• Task requirements
Print the whole listing exactly as it appears, but skip the pictures.

• Source material
▽
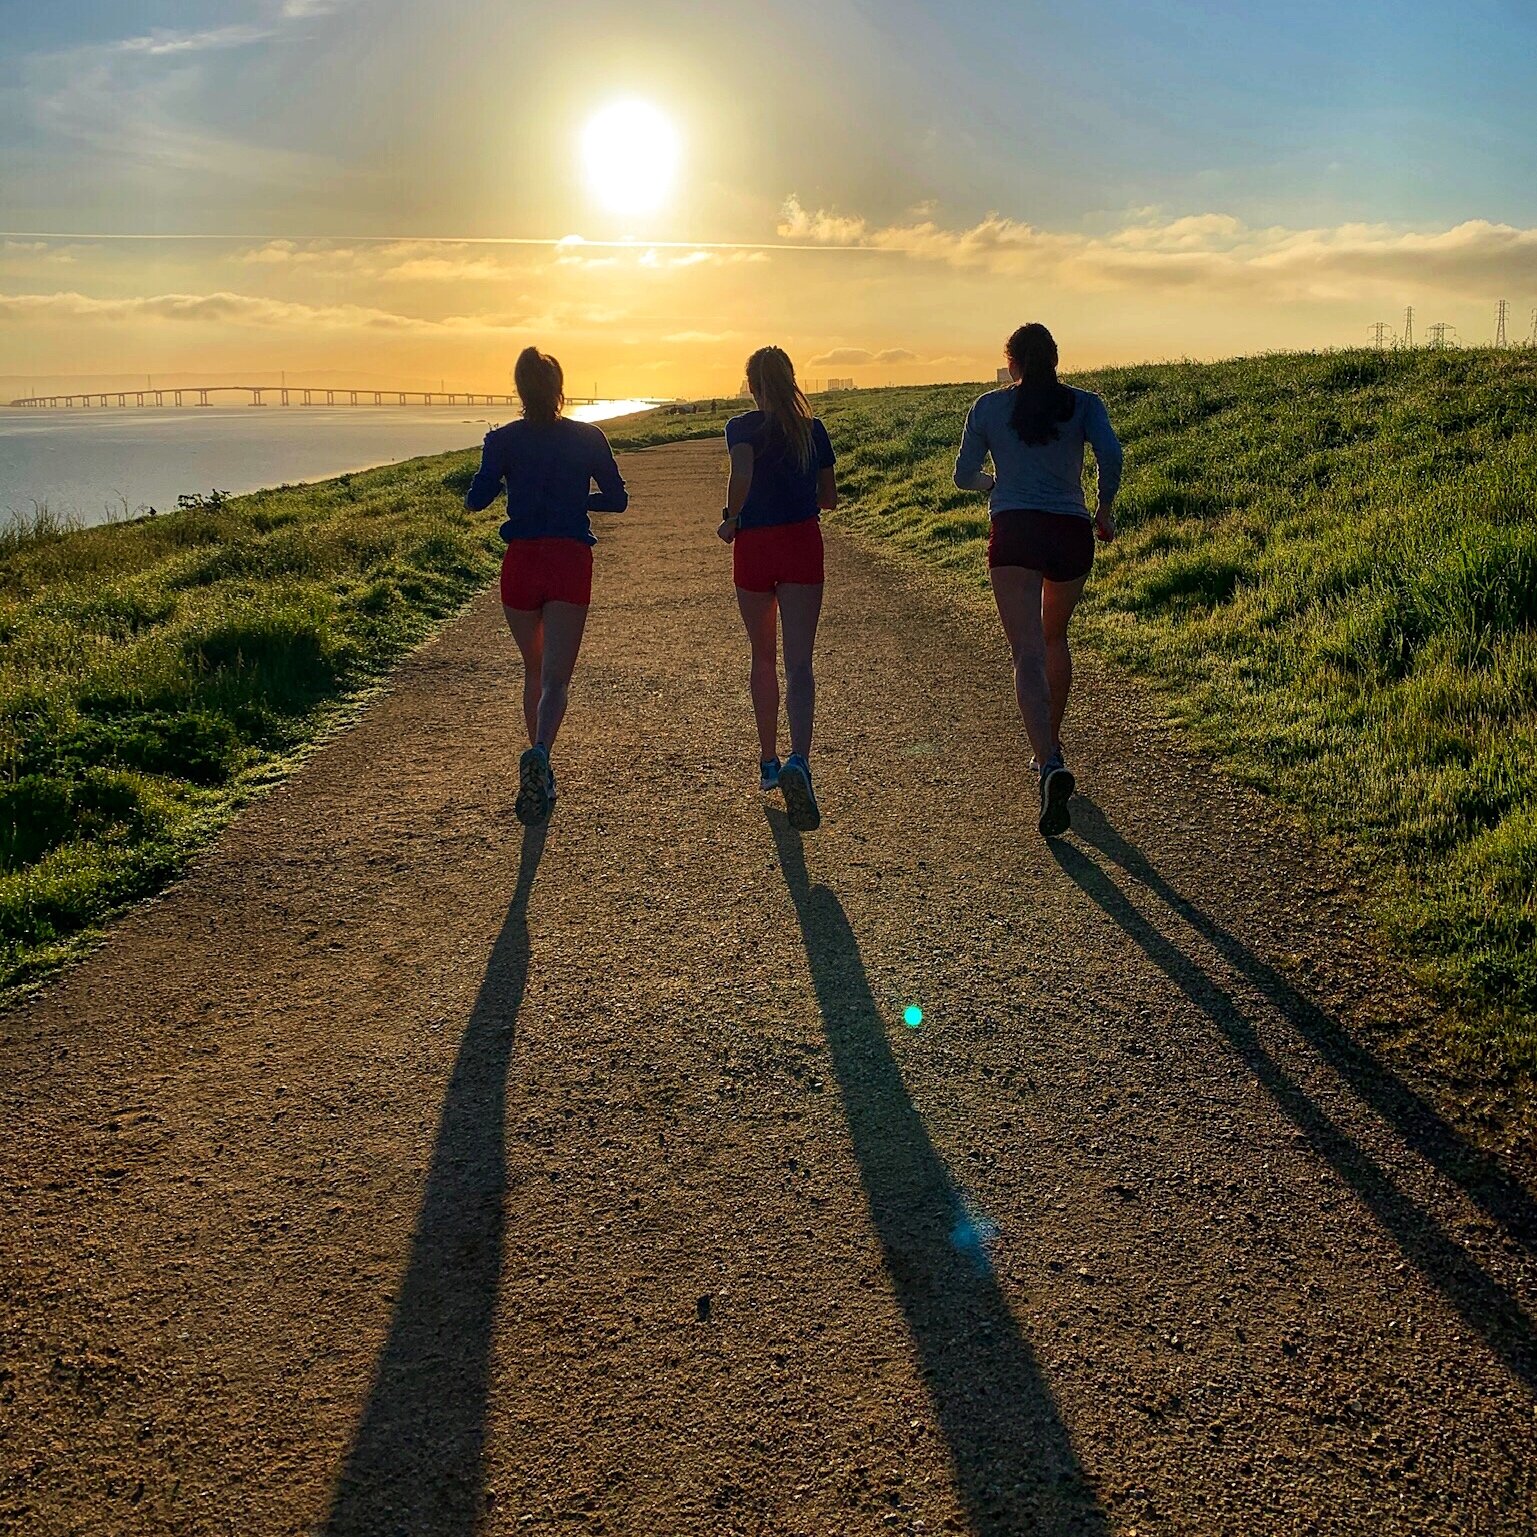 Image of the blog author and two other women running on a dirt path in the sun.
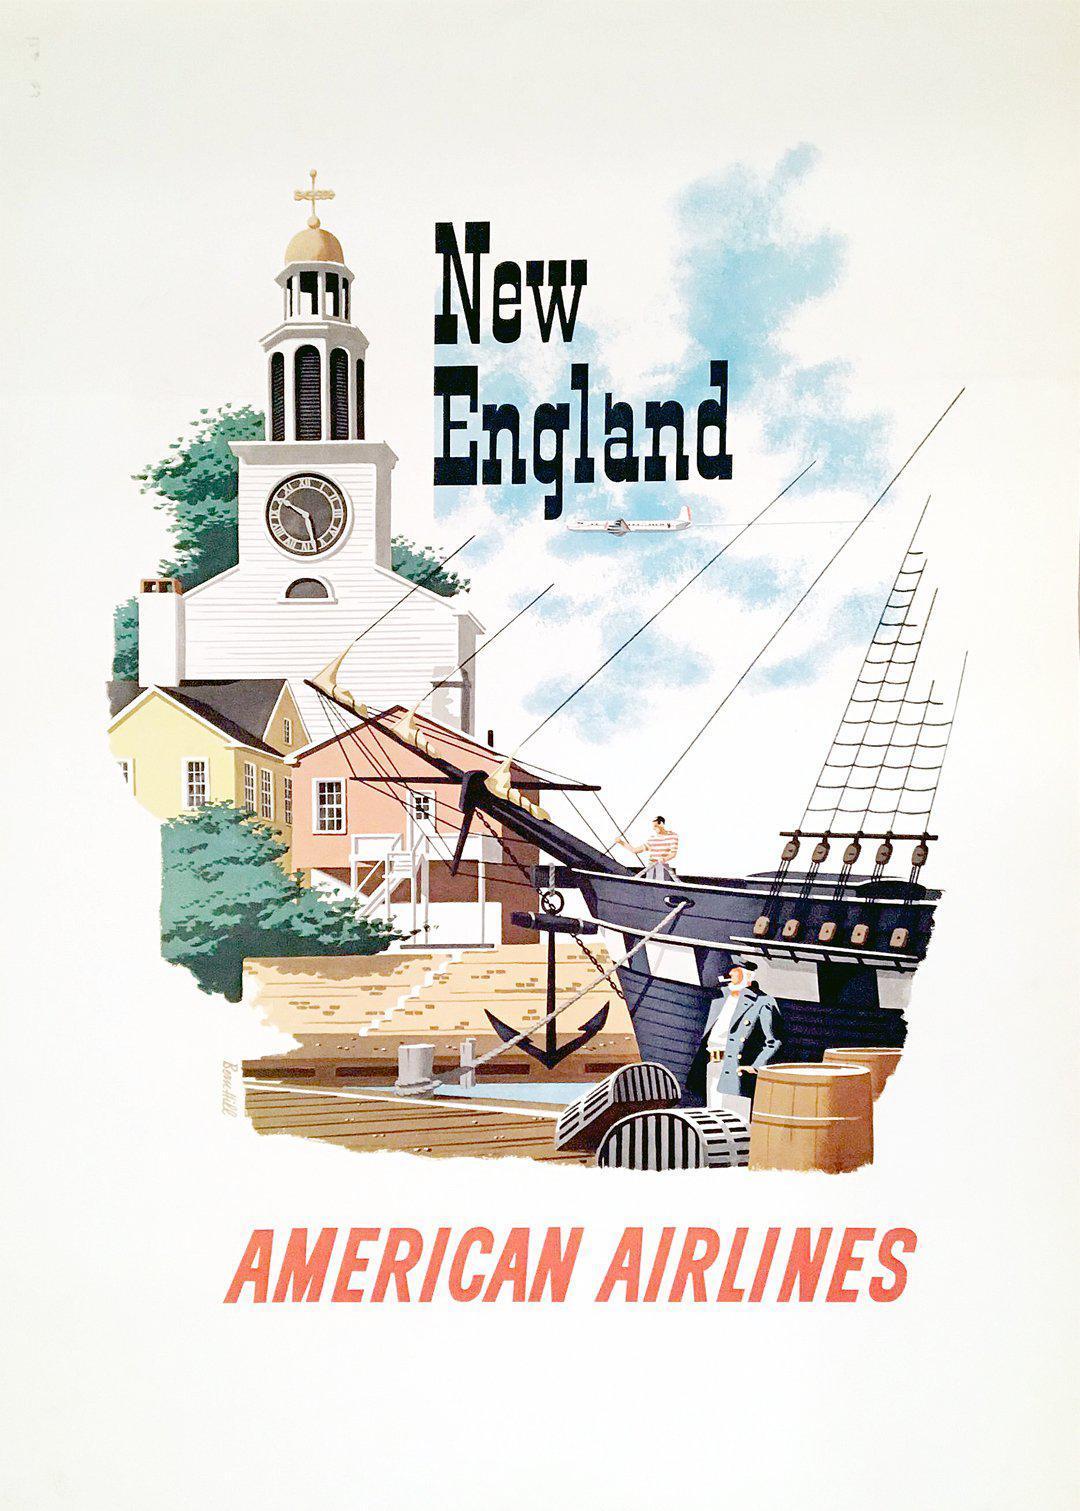 Original Vintage American Airlines Poster New England by Bern Hill c1955
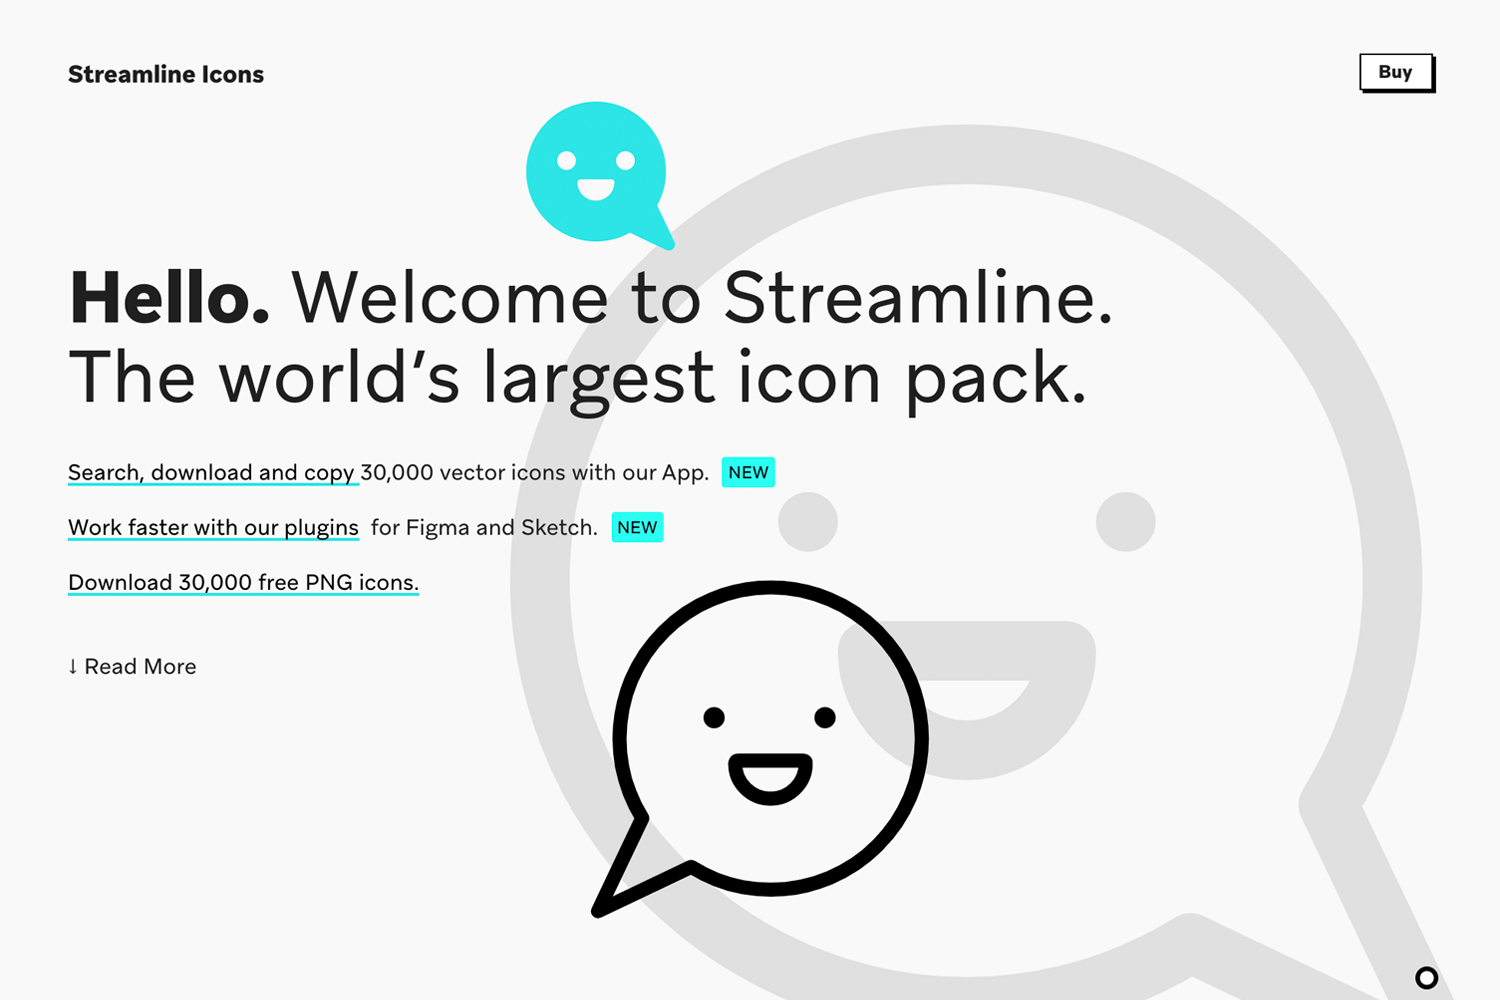 Free vector images - Streamline Icons homepage
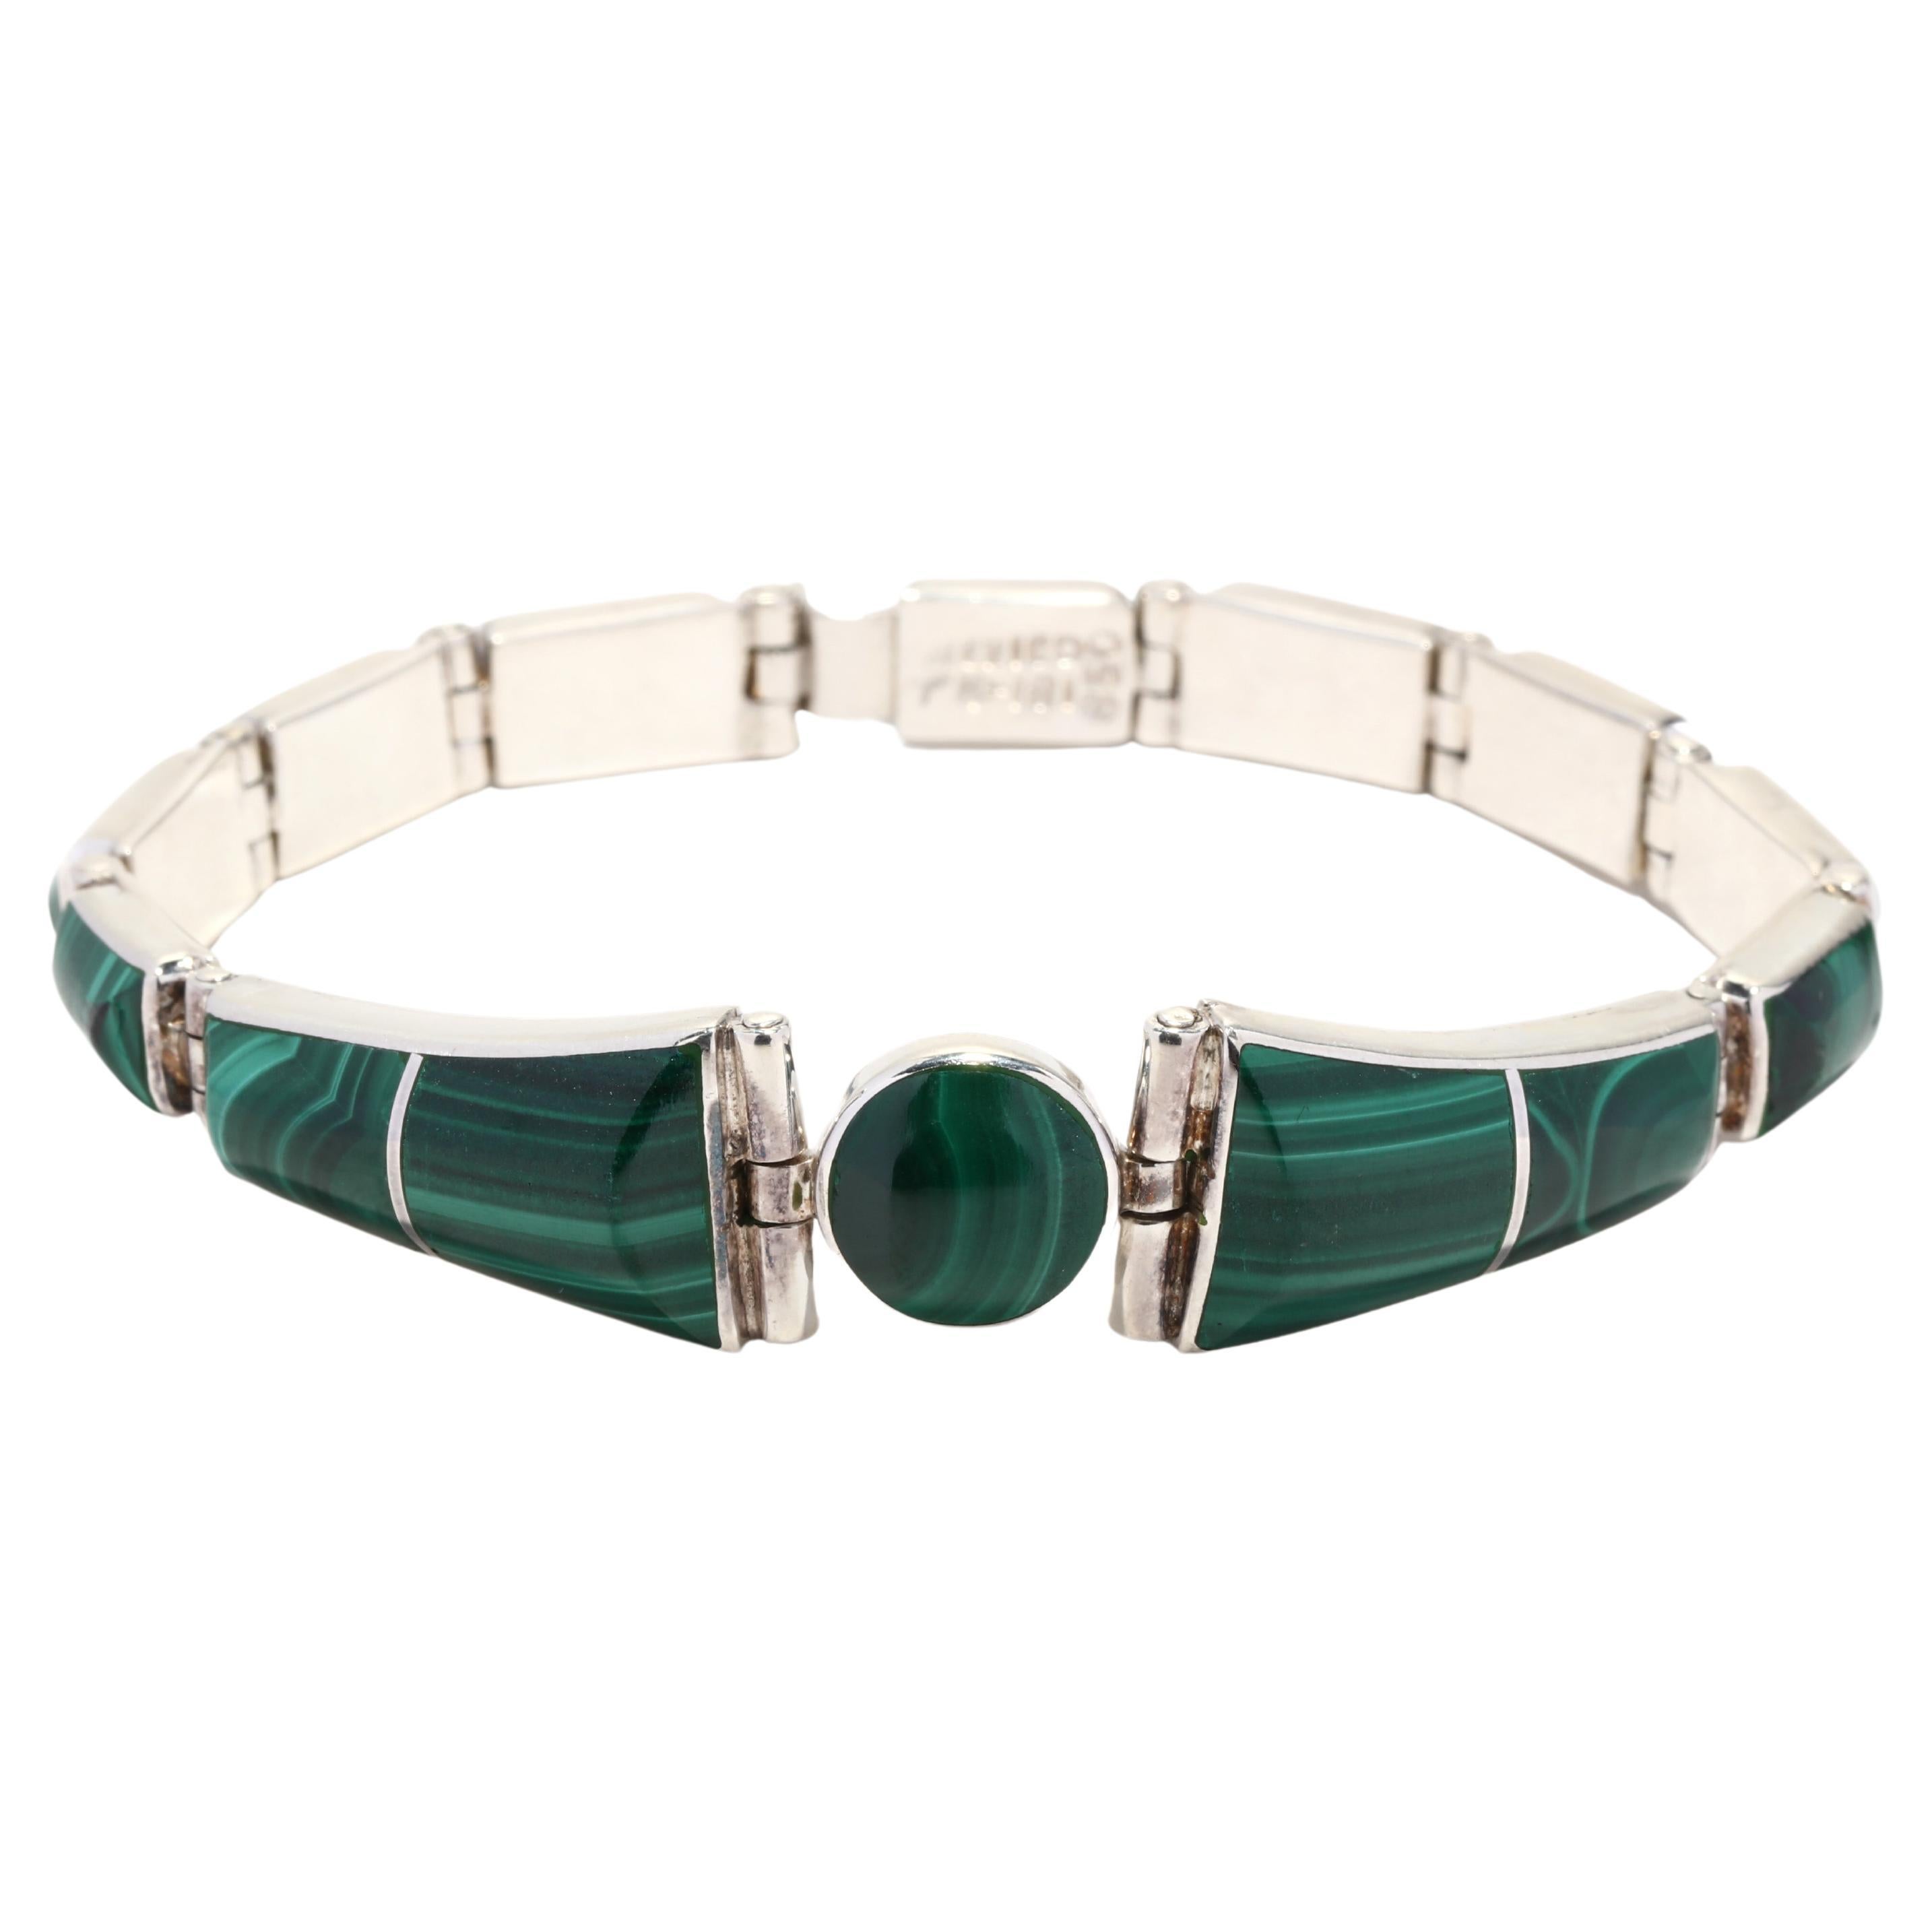 Vintage Inlaid Malachite Bracelet, Sterling Silver, Mexican
△
• Answer area
 Image of the blog author and two other women running on a dirt path in the sun.
 Original Vintage American Airlines Poster New England by Bern Hill c1955
 Free vector images - Streamline Icons homepage
 Vintage Inlaid Malachite Bracelet, Sterling Silver, Mexican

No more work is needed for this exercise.